* PROBLEM REQUIREMENTS *
Write out all the data verbatim. Skip images.

* RAW DATA *
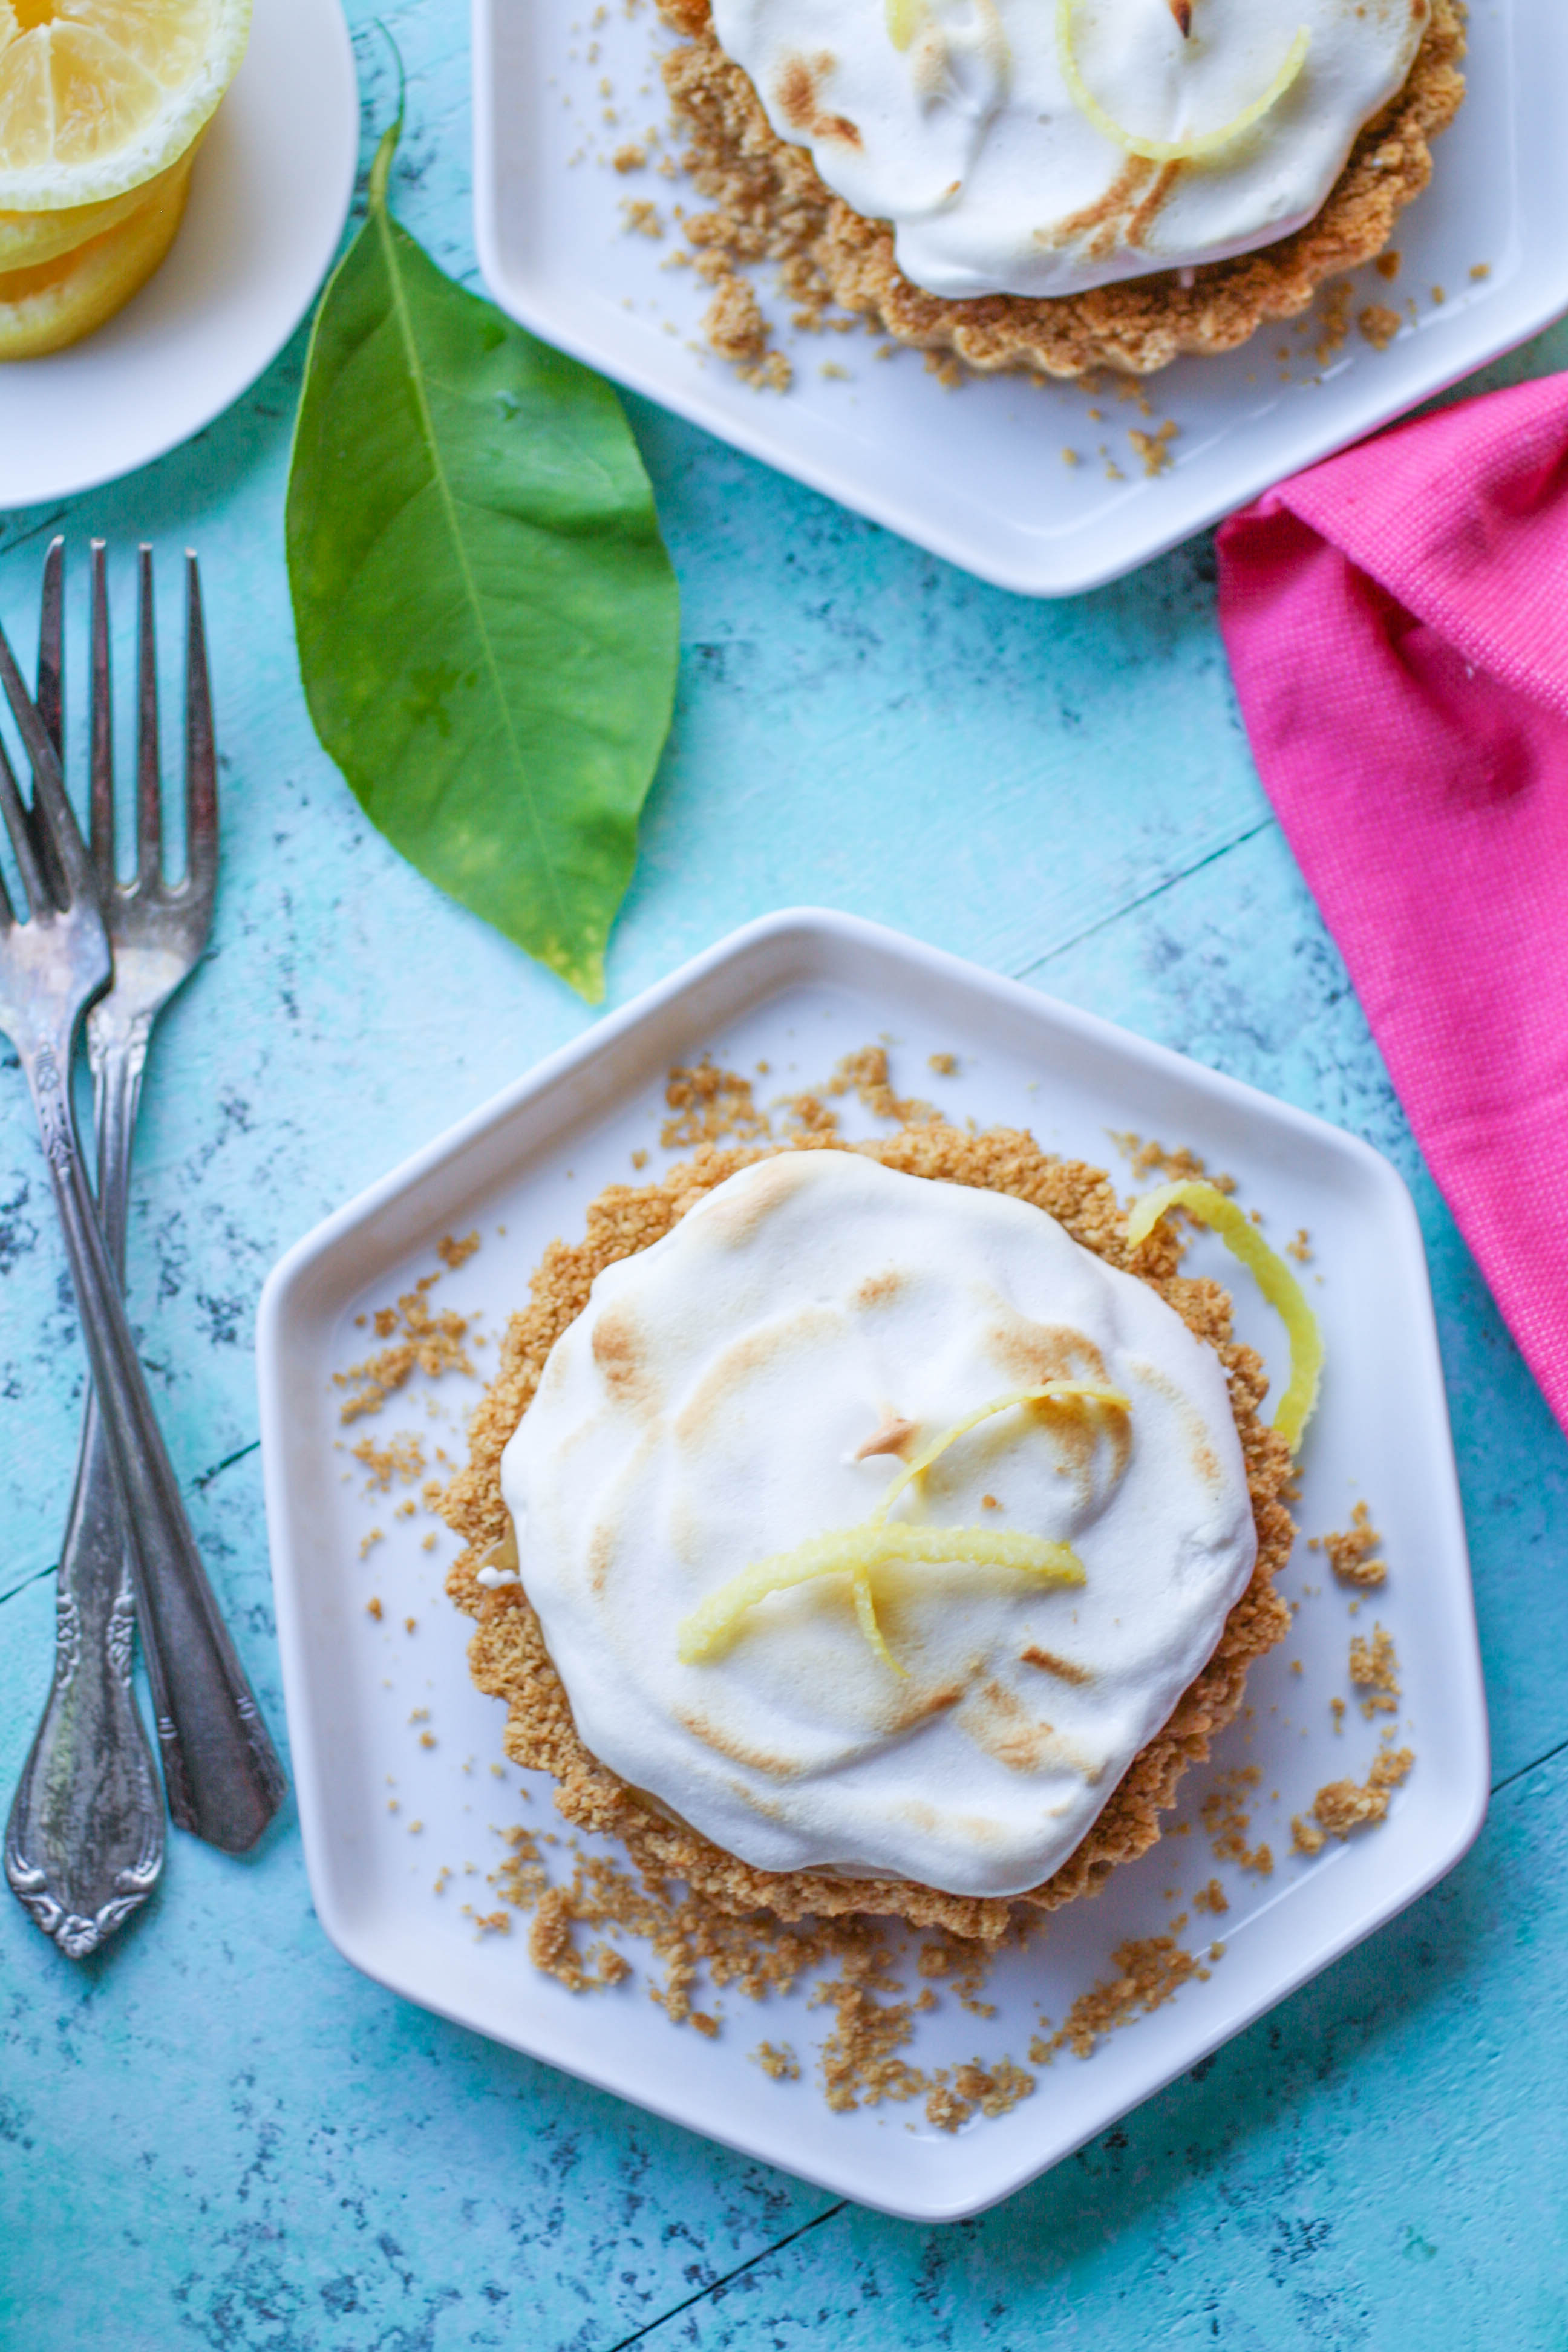 Lemon Meringue Tartlets are a bright and cheerful dessert! You'll love these Lemon Meringue Tartlets for a special treat.
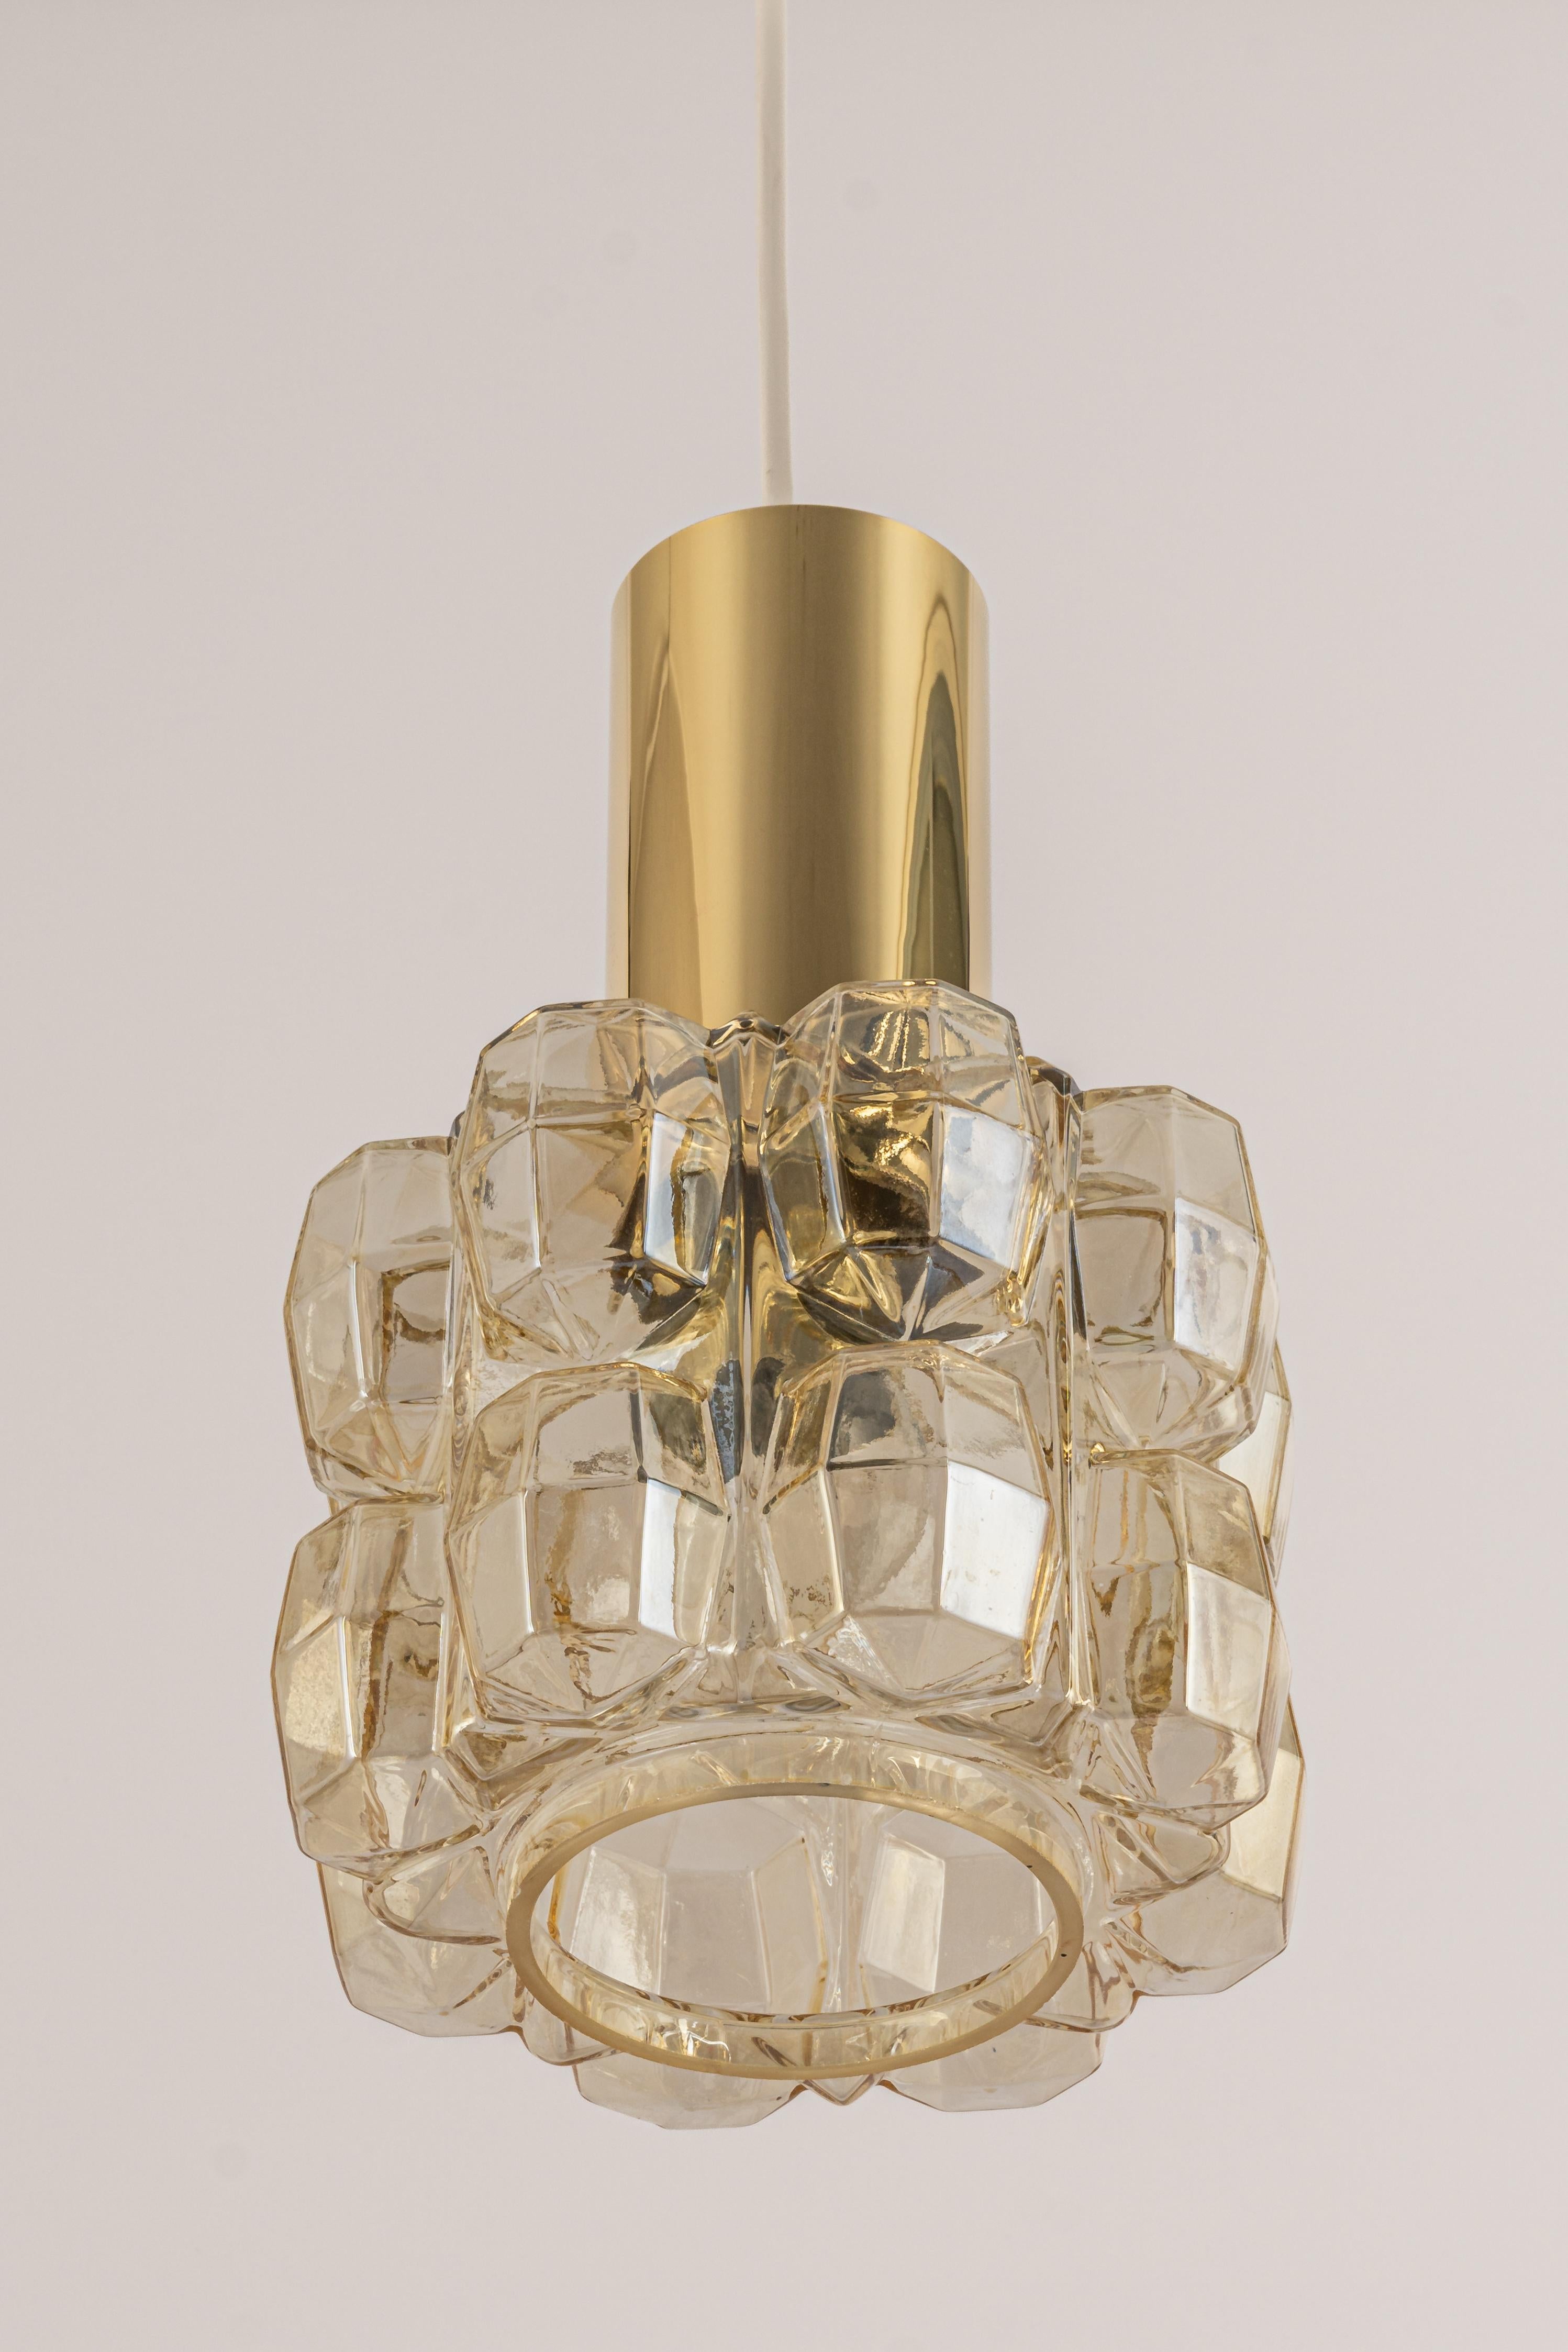 1 of 2 Petite light smoke tone bubble glass (with brass cups ) pendants designed by Helena Tynell for Limburg, manufactured in Germany, circa 1970s

Sockets: It needs 1 x E27 standard bulb.
Light bulbs are not included. It is possible to install

* ANSWER BELOW *
 Lemon Meringue Tartlets are a bright and cheerful dessert! You'll love these Lemon Meringue Tartlets for a special treat.
 1 of 2 Petite light smoke tone bubble glass (with brass cups ) pendants designed by Helena Tynell for Limburg, manufactured in Germany, circa 1970s

Sockets: It needs 1 x E27 standard bulb.
Light bulbs are not included. It is possible to install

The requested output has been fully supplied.